Another revelation? Taking time to read and write has plunged me deeper into a life of simplicity. I say “plunged” because that’s how it felt – one Saturday afternoon I was happily curled up on the couch watching Giada At Home, and the next moment the TV was quiet and dark and useless except for viewing The West Wing episodes on DVD.
But then, a beautiful thing happened. My thoughts began to change. I started to be more content with my own life. I started to feel a pleasant naïveté with pop culture, not wanting to be bothered by the latest ads or another product that I somehow needed. Ads just annoy me now, to be honest. The more I've eliminated extra stuff, the more I just don't want them in my life anymore.
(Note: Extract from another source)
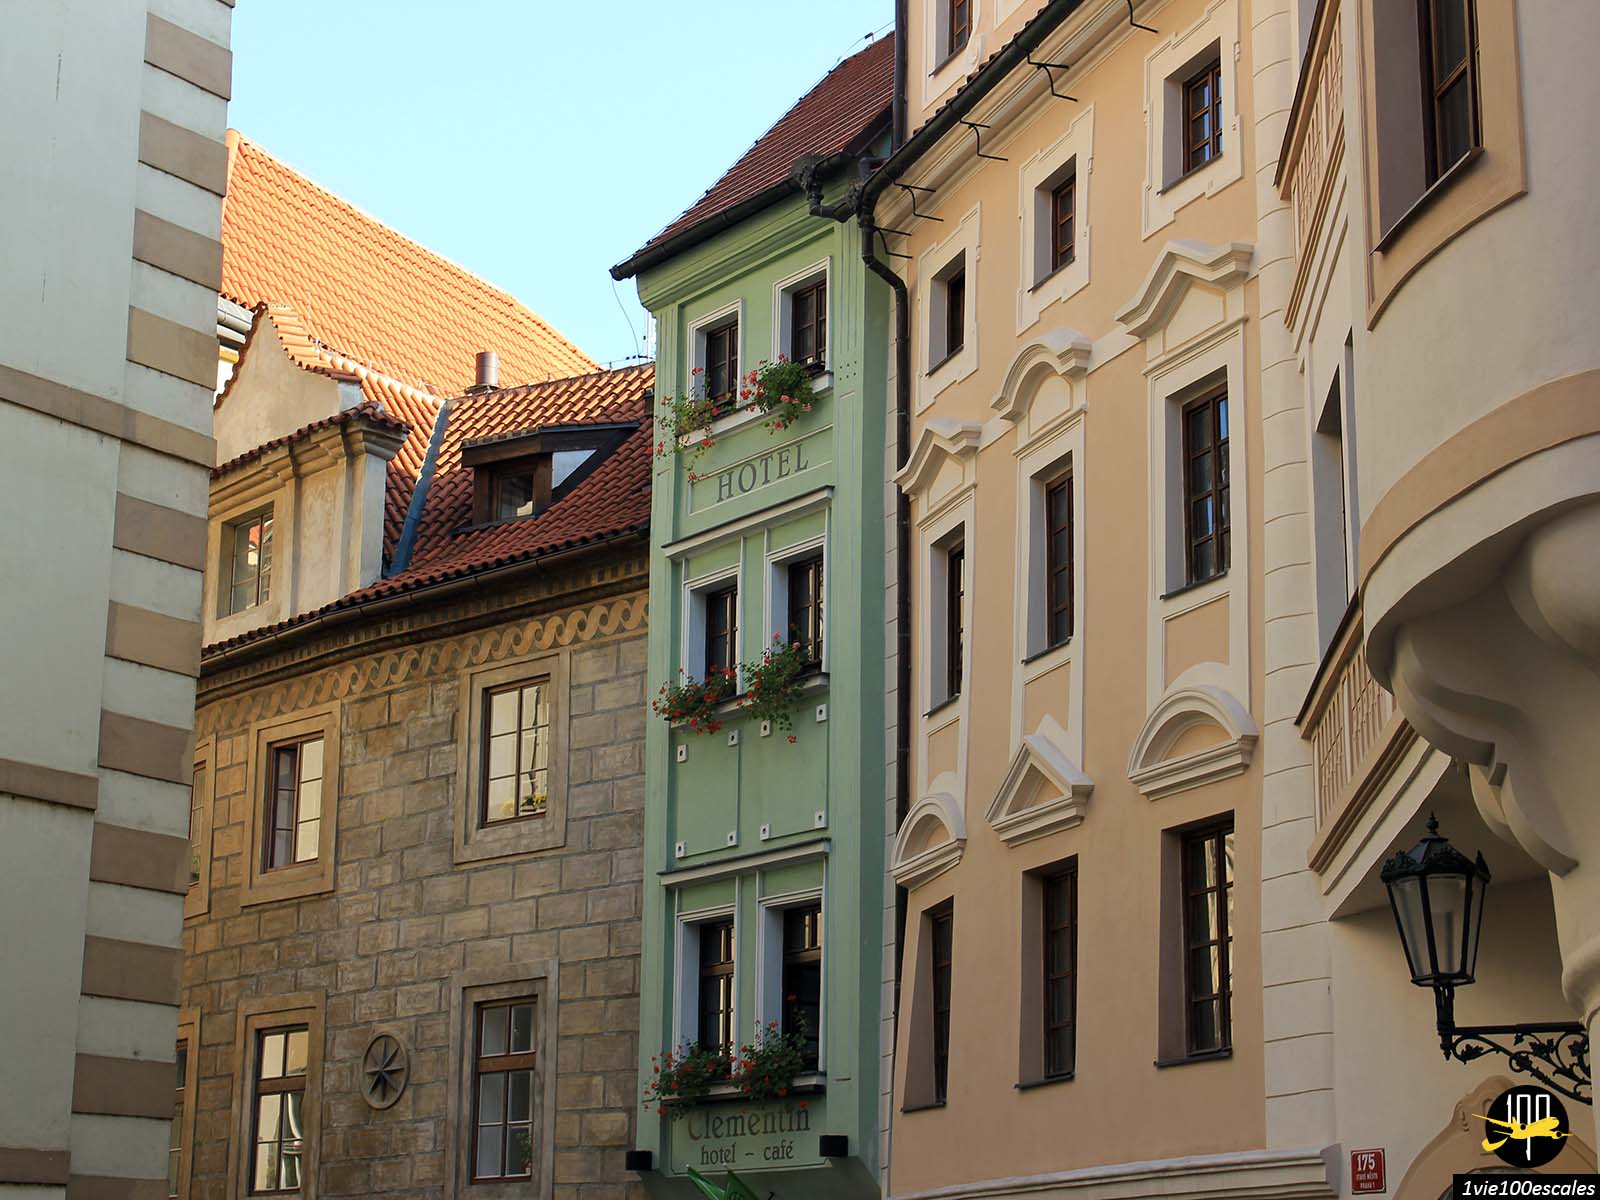 L'Hôtel Clementin se distingue par sa petite largeur (3,28 m) qui fait de lui l'immeuble le plus étroit de toute la ville de Prague

Instead of watching shows about people cooking, I’m cooking more {even though I sometimes burn the garlic}. Instead of watching shows about fake relationships and dramas, I’m a part of my own, real-life relationships more. I realize how much I used TV to escape, to disengage with my own life. Reading and writing helps me to re-engage with my own life, rather than escape from it.
On Good Friday, we went to a friend's backyard pool in an opulently wealthy part of Dallas where shade trees are 100 years old, and sparkles of light are cast through their branches onto expansive bi-weekly manicured lawns. The pool was a natural deep blue, with flagstones surrounding it so it felt kind of like a natural swimming hole carved out of a mountain. I dipped my toes in the water and then reclined on a small strip of flagstone until I was nestled between the ornamental grass landscaping and the edge of the pool. The late afternoon sun shone on my face, forcing new freckles to pop out across my nose. In that spot, I finished Anne Lamott's Traveling Mercies and knew that the book had changed me forever. Toward the end, Lamott reminisces about her own mother as she looks over old photographs from her imperfect childhood. And something was sparked deep in my soul at that moment, so much that I had to pause, and put the book face-down on my chest. I surprised myself when I said aloud, "I know for sure now that I want to be a mother" - right there, on Good Friday, laying on my back on the flagstone of someone else's back yard.
That is the power that books have, to stir those places that are somehow buried or unseeable. That is why I'm a reader, and that is why I will be a writer some day.